Willie Walsh, BA chief executive, also told a meeting of analysts and investors, that the airline was preparing for future capacity growth around the end of the decade and had secured with Boeing options on delivery slots for 10 777 long-haul aircraft in 2009 and 2010.

BA said that it expected its fuel costs to rise by £400m in the next financial year to the end of March 2007 to about £2bn, following an increase of £505m-£515m in the current year to March 2006 to £1.6bn.

The fuel bill, which now accounts for about 21 per cent of total costs will have more than doubled in three years.

It forecast that revenue would rise by 4-5 per cent in the next financial year supported by increased capacity and passenger loads following a rise of 8 per cent this year.

Given the smooth handover of power from Rod Eddington to Willie Walsh, a radical change in strategy at British Airways was hardly on the cards.

A large part of the planned cost savings is related to reducing employee costs, and includes some of the £300m already due to be eliminated over the three years to March 2007.

Key to the savings is a planned reform of the airline’s pension scheme, which has one of the biggest deficits among leading UK companies. Proposed changes in pension fund terms and conditions are due to be presented to staff at the end of the month.

BA is also planning to make significant savings from the transfer of the bulk of its operations at Heathrow to the new Terminal 5, the £4.2bn project under development by BAA, the airport operator.

Martin Broughton, BA chairman told a meeting of analysts and investors, that the airline had “a once-in-a-generation opportunity” to increase efficiency, transform conditions for passengers and reduce costs with the move to T5 at the end of March 2008.

Many of the job cuts are likely to come from ground services staff with changes in working practices and the introduction of new technology. BA said it expected that 80 per cent of passengers would be checking in online or at self-service kiosks by the opening of T5.

The airline said that it would transfer about 90 per cent of its Heathrow operations to Terminal 5, with the remainder moved to Terminal 3, where it would co-locate its Australian and Spanish routes beside its Oneworld alliance partners Qantas and Iberia.
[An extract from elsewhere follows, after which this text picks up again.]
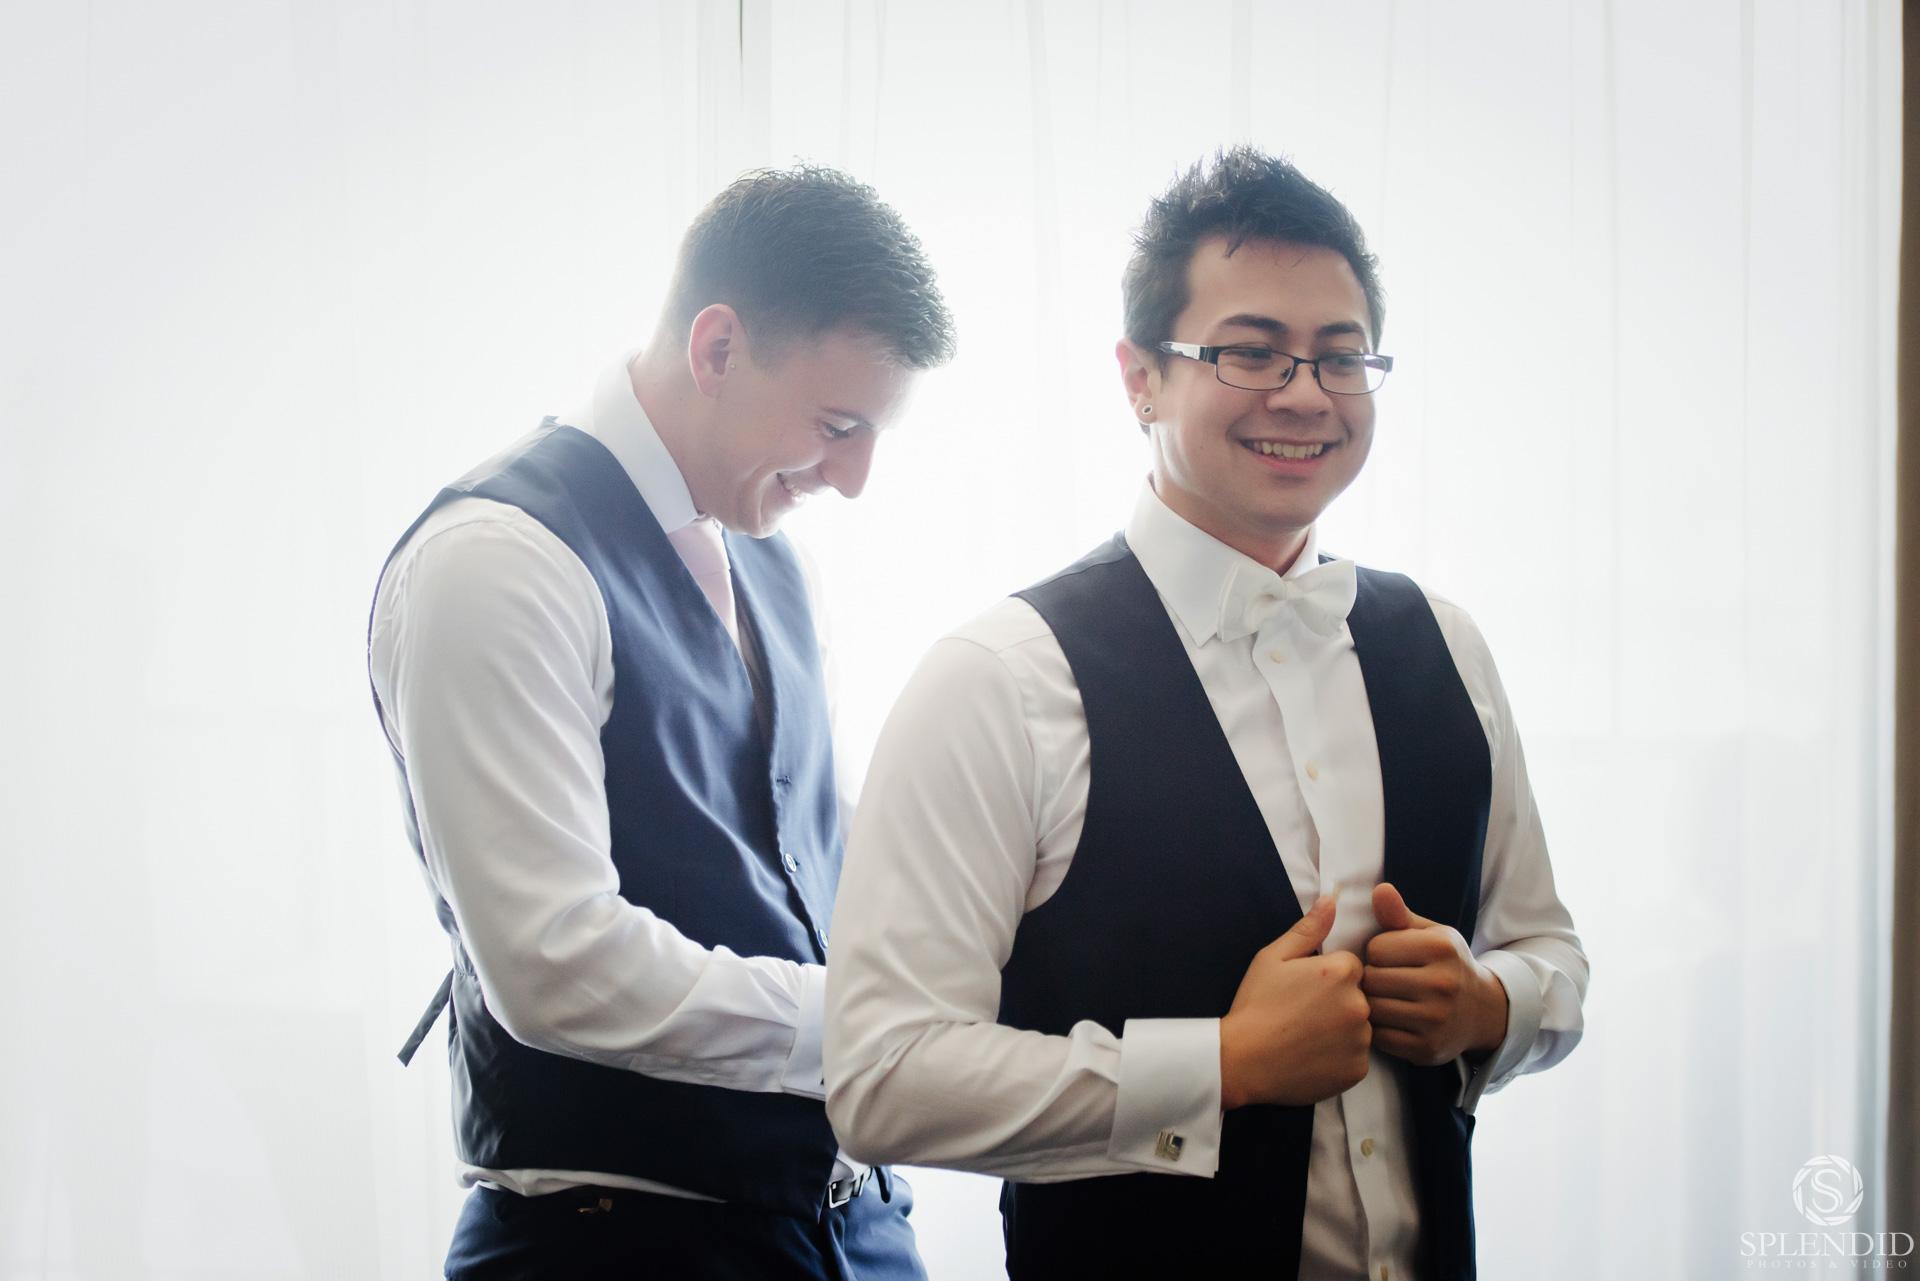 L'Aqua Wedding: Krisdelle & Daniel 6

The £450m cost savings will be spread equally across the next two financial years. Total costs, excluding fuel, are forecast to be flat in the year to March 2007 with increases offset by cost efficiencies.
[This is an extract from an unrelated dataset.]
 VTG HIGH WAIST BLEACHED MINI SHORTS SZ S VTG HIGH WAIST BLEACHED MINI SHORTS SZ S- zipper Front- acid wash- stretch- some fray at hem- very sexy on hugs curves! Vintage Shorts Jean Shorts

BA is driving an increasing share of its bookings on to the internet with the share planned to rise from nearly a third this year to 50 per cent by March 2008.

The group said that its net debt would be below £2bn by the end of March, down from the crisis level of £6.6bn at the end of 2001 in the recession following the September 11 terrorist attacks in the US.

Shares in BA were up 2½ per cent at 324 ¾ p in early afternoon trade.